Patients considered “high-risk” presented with stage T2c or higher, had PSA levels greater than 20 mg/mL, or had Gleason score (histopathologic types on biopsy) of 8 to 10 (JAMA. 1998;280:969-974). Clearly, some patients with evidence of aggressive tumor activity (either high serum PSA and/or high-grade tumor cell type) tended to progress despite low staging (i.e., intracapsular tumors, stage T1-T2).

There is little agreement in the scientific community as to what constitutes or predicts locally advanced disease. In the past 15 years, definitions have included combinations of tumor stage, Gleason score and PSA, MRI findings, nomograms, PSA velocity, PSA doubling time, and various combinations of these. At least 11 different inclusion criteria are being used in current clinical trials of “locally advanced prostate cancer.”(http://www.clinicaltrials.gov).

We should strive for a consensus in defining locally advanced disease. This would render future clinical research more comprehensible and allow us to better steer prostate cancer patients through their sometimes dizzying maze of therapeutic options.
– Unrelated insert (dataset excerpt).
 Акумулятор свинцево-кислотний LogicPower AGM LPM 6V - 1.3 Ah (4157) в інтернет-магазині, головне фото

Prognostic tables and nomograms

Pre- and post-treatment tables and nomograms allow for the integration of multiple clinical variables and prediction of pathological staging for prostate cancer patients. While these are useful tools to clinicians and patients for judging risk of progression and guiding treatment planning, clinicians should remember that every patient is unique. When it comes to an individual patient, odds calculations are educated guesses.

Originally based on the work of Alan W. Partin, MD, and Patrick C. Walsh, MD, the Partin Tables were most recently updated in 2001 and incorporate PSA, clinical staging, and biopsy Gleason grade to stage clinically localized disease. They are derived from data acquired from more than 5,000 patients who underwent radical prostatectomy at Johns Hopkins, and then validated by data from a similar cohort of more than 2,400 patients treated at the Mayo Clinic (www.urotoday.com).
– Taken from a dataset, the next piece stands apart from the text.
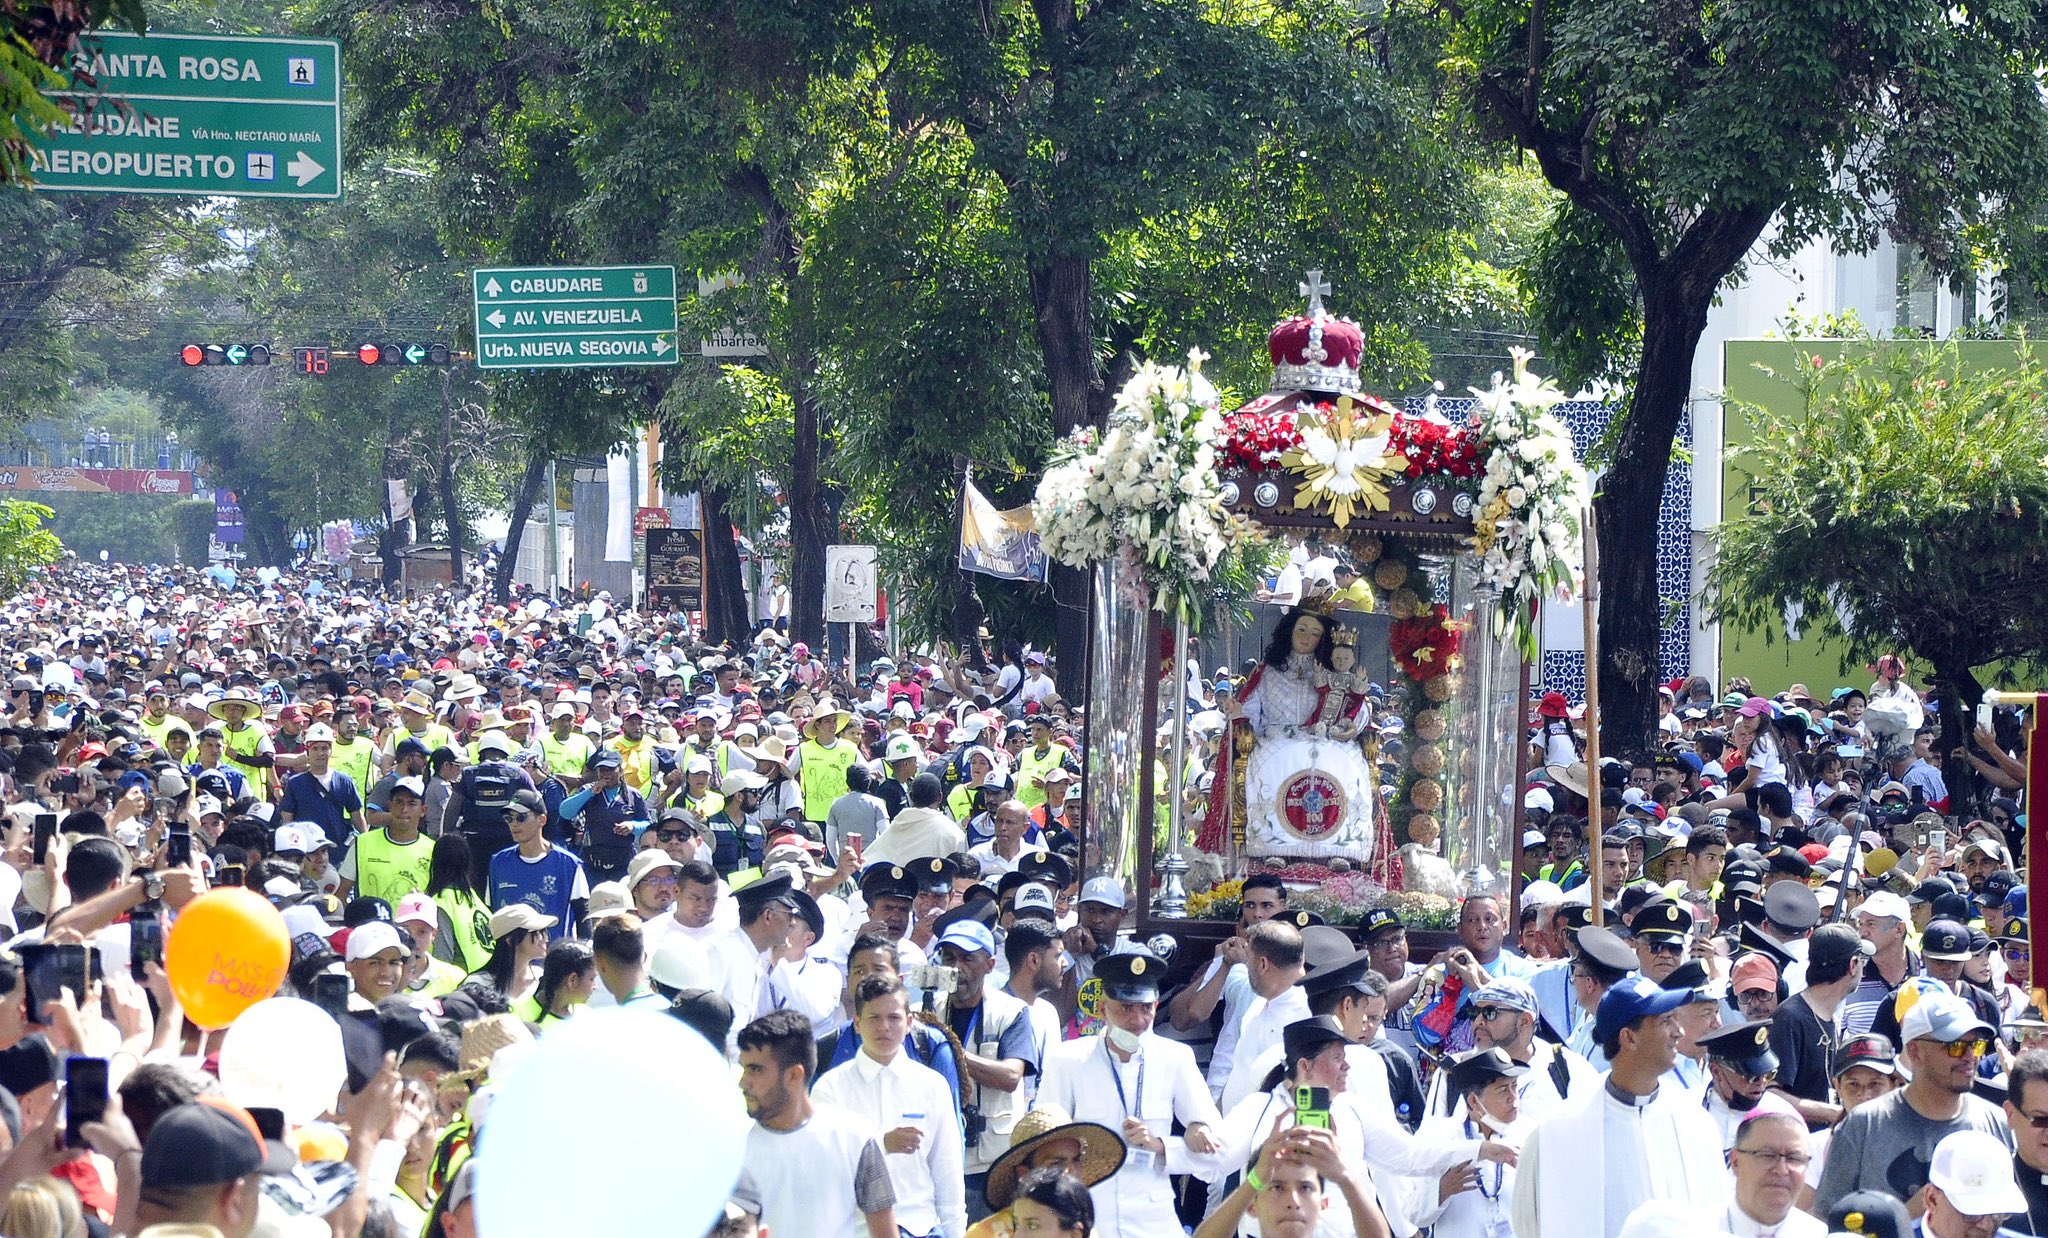 Divina Pastora procession in Barquisimeto, Lara state, Venezuela. Photo: Jesus Vilches/Primicia.

The original cohort on average had baseline pretreatment cancer stage of T1c, Gleason score of 6, and serum PSA level less than 10 ng/mL. Among those with a pre-surgical diagnosis of local organ-confined disease (64%), 36% had advanced disease postoperatively (30% with extraprostatic extension, 4% with seminal vesicle involvement, and 2% with lymph node involvement) (J Urol. 1993;150:110-114; Urology. 2001;58:843-848). Partin Tables are available at www.urology.jhu.edu/prostate/partintables.php.

Similarly, preoperative and post-operative nomograms, such as the Kattan nomograms developed at the Cleveland Clinic and Memorial Sloan-Kettering Cancer Center, offer accurate estimations of patient risk (J Clin Onc. 2005;23:7005-7012). Kattan nomograms may be found online at www.mskcc.org/mskcc/html/10088.cfm.